Twilight and True-Life Writing Stories

Time.com has had a facelift, which means that the Top 10 Most Popular Entertainment Stories box is gone – gone! – and replaced by a less-visually interesting Top 5, so I doubt I’ll see my stories appear there (and take a screencap for here) as often. Nonetheless, here’s this week’s story, all about the fact that The Twilight Saga movies are rumored to be continuing past the original novel series, and why that’s a bad idea. Watch as I skillfully weave in Planet of The Apes, Before Watchmen and Frasier!

Strange but true fact about the writing of this week’s story: It happened on Monday, but Monday was a very, very odd day for reasons which I shall share shortly (Spoiler: Canada was involved), and I had next-to-no time to actually write the story.
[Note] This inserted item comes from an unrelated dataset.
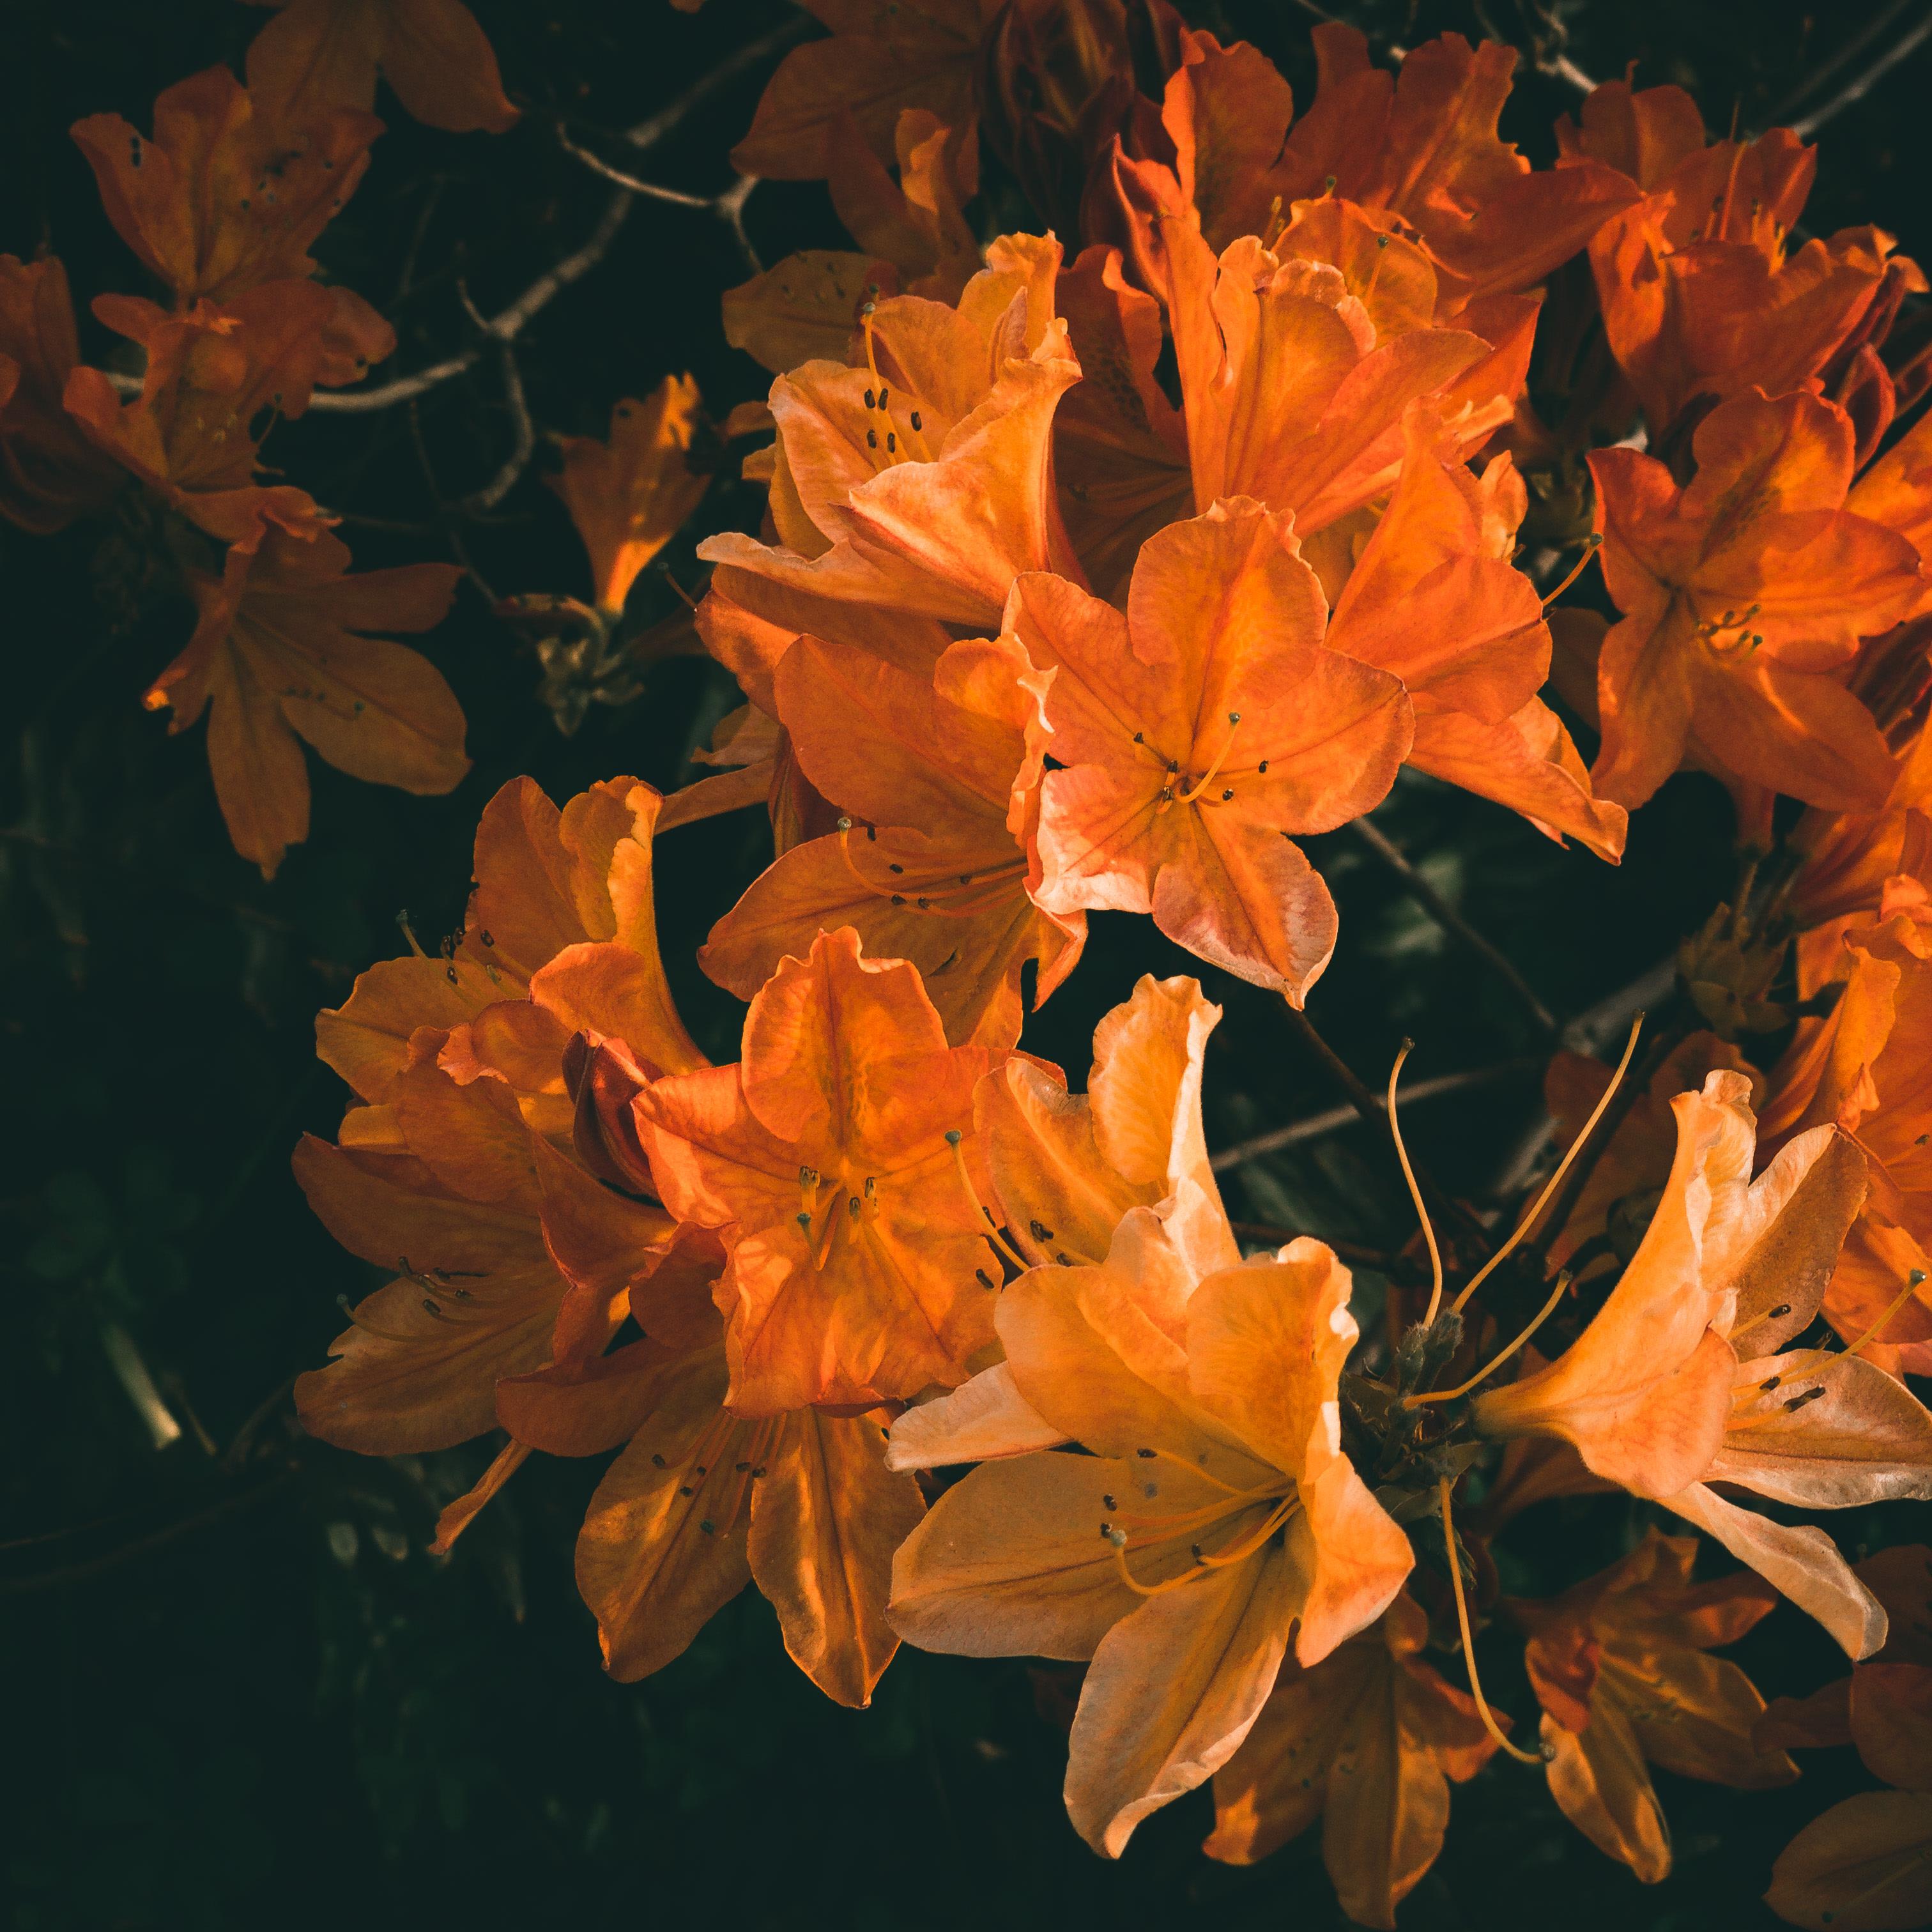 image of orangish azaleas

I’d done all the research already – that’s usually done before Monday begins, no matter what – and I had a vague through-line of what I wanted to write, but whereas other Time pieces have taken the best part of a day (and sometimes more) to put together, various circumstances conspired to give me, at best, three or four hours or so. Knowing that I didn’t have time to worry about it, I just sat down and wrote, and sped through it, convinced that I’d get far more edits than usual but would have the time to re-write the next day anyway. And then… the least amount of edits ever requested for a Time piece of mine*.

There’s a lesson in there, somewhere.

(* Of course, the pitching process for this week was unusually hard, so maybe there’s a karma thing going on there.)

366 Songs 297: What Goes On

I love that “What Goes On” sounds like a really basic garage rock song until 1:08, and that guitar solo that sounds like the start of drone rock. The first minute of the song, though, with the jangly guitars, Lou Reed’s growly vocals and the organ in the background… It’s as if the band had been listening to ? and The Mysterions and decided that they wanted to try that really simple, riff-based shit and see what they could get up to. As much as I appreciate a good drone every now and then, it’s that first minute that I love about this song, and everything that follows feels like a let down compared with the grimy energy of what came before.

366 Songs 296: Satellite

There’s a rawness to all of the songs on Elliott Smith, his second (of six) albums, in part because of the recording process – the songs on the album are all self-recorded onto (I think) a six-track, and you can hear the amateur quality in the hiss that surrounds the entire thing, and is most audible as the song finishes. It’s there, too, in the lyrics, though: “And for all you know you’re the only one who finds it strange/When they call it a lover’s moon/The satellite,” as if you’re listening to outsider art made mumbling beauty. This is a wonderfully simple, wonderfully intimate song, so short and unstructured that it feels more like poetry put to music, a sketch of a feeling, rather than any kind of finished music. Like most of Smith’s earliest output, that briefness is a lot of the appeal to “Satellite”; the unrehearsed, unfinished quality that makes it easier to feel as if you’re seeing inside someone’s heart, whether it was true or otherwise.